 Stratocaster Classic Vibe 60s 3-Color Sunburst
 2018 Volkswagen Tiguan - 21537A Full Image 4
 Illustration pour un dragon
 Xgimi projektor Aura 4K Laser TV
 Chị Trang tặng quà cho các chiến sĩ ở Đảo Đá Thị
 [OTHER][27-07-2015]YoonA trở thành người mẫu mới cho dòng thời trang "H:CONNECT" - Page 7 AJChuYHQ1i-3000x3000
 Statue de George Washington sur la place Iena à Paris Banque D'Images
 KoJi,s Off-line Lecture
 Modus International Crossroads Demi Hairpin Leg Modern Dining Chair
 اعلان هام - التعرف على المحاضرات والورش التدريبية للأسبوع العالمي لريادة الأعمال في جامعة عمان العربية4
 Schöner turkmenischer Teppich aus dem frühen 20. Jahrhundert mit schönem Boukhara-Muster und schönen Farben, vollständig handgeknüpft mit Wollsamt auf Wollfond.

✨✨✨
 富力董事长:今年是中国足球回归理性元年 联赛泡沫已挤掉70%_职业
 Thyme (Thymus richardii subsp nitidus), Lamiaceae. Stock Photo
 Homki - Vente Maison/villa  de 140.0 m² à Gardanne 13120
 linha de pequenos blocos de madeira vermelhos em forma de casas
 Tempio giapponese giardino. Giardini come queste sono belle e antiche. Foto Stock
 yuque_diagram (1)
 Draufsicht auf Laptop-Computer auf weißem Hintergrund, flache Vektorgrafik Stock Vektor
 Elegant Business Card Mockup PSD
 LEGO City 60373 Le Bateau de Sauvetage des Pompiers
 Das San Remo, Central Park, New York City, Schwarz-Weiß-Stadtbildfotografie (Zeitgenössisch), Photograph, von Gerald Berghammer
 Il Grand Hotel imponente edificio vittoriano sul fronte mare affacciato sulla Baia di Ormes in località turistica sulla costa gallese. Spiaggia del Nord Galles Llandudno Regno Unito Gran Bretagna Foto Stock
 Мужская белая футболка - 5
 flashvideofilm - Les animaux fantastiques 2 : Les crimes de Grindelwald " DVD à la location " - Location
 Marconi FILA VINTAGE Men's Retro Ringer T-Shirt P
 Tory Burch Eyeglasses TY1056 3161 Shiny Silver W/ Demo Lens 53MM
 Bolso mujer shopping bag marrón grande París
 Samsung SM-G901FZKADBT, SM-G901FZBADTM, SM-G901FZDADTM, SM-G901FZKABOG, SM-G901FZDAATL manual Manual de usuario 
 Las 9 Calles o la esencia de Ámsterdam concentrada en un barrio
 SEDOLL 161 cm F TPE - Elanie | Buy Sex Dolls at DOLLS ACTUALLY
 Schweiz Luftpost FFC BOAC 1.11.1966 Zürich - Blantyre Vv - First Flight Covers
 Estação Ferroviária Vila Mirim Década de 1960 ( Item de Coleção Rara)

→ GOAL OF THE EXERCISE:
Going back over the entries above, copy word for word every line from the one that has "Schöner turkmenischer Teppich" on through the one that has "Thyme (Thymus richardii".

→ REPLY TO THE EXERCISE:
 Schöner turkmenischer Teppich aus dem frühen 20. Jahrhundert mit schönem Boukhara-Muster und schönen Farben, vollständig handgeknüpft mit Wollsamt auf Wollfond.

✨✨✨
 富力董事长:今年是中国足球回归理性元年 联赛泡沫已挤掉70%_职业
 Thyme (Thymus richardii subsp nitidus), Lamiaceae. Stock Photo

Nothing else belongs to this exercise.